(Material provided begins)

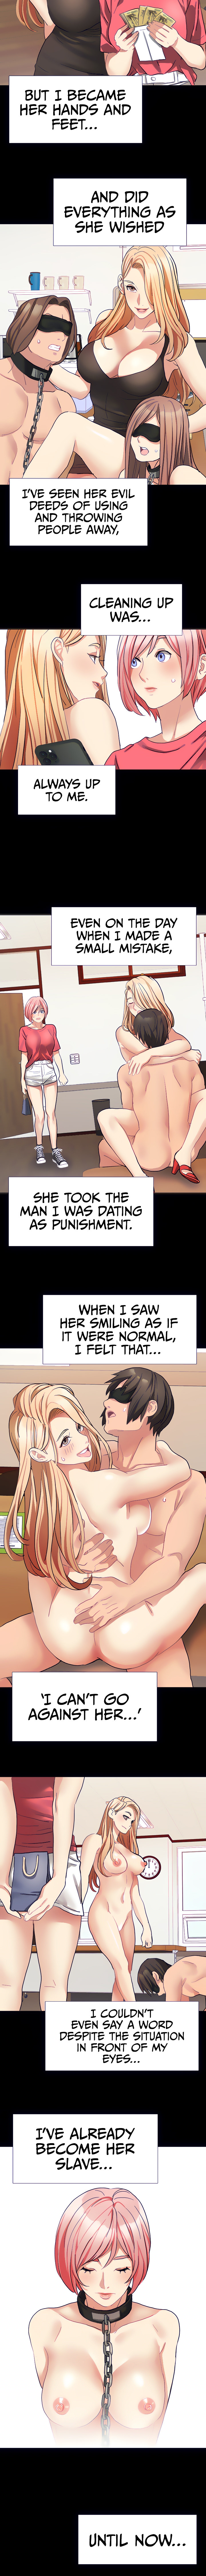 Punishments for Bad Girls - Chapter 22 Page 9
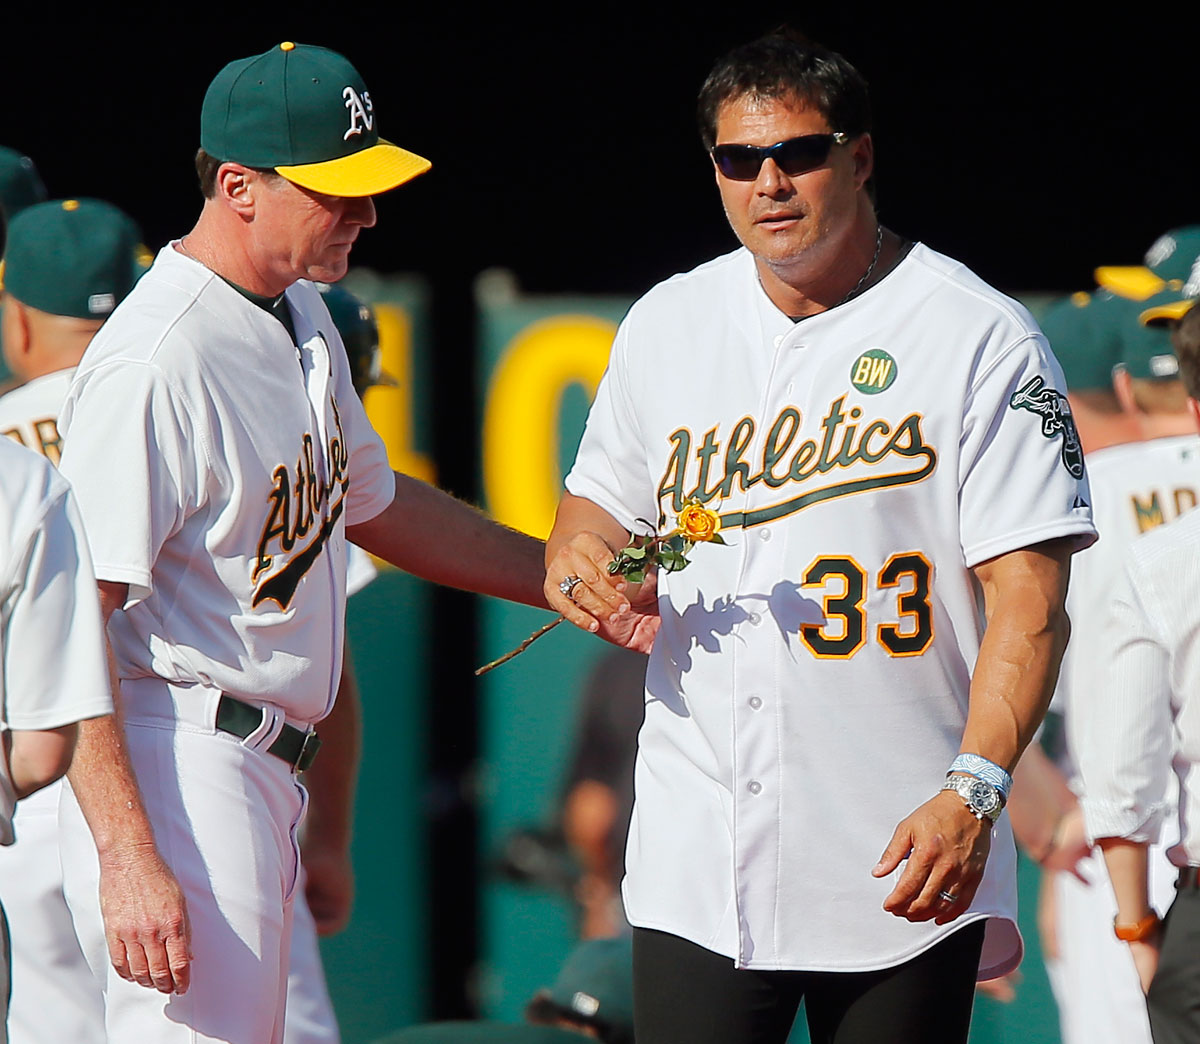 Jose Canseco’s finger falls off
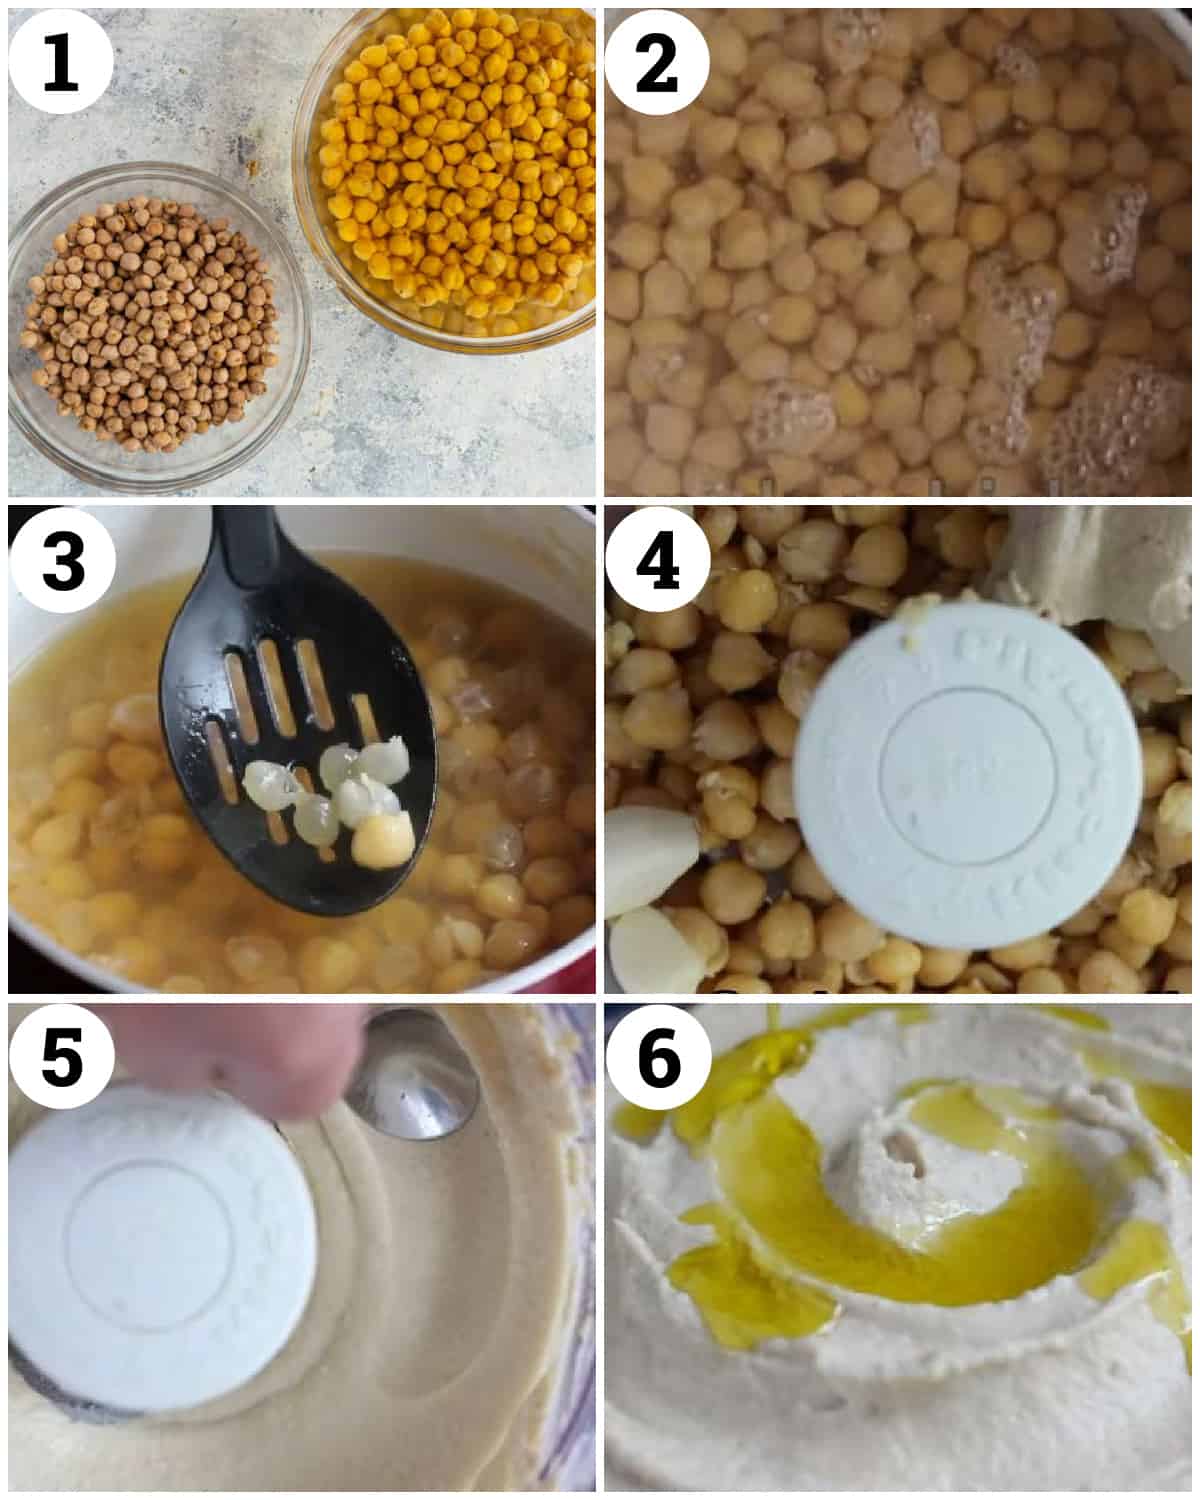 soak the chickpeas, boil them until tender. Blend with tahini and garlic and water. Drizzle with olive oil.

(Material provided ends)

**Work instructions:**
Repeat the material above word for word; no images go in the copy.

**Written answer:**
 Punishments for Bad Girls - Chapter 22 Page 9
 Jose Canseco’s finger falls off
 soak the chickpeas, boil them until tender. Blend with tahini and garlic and water. Drizzle with olive oil.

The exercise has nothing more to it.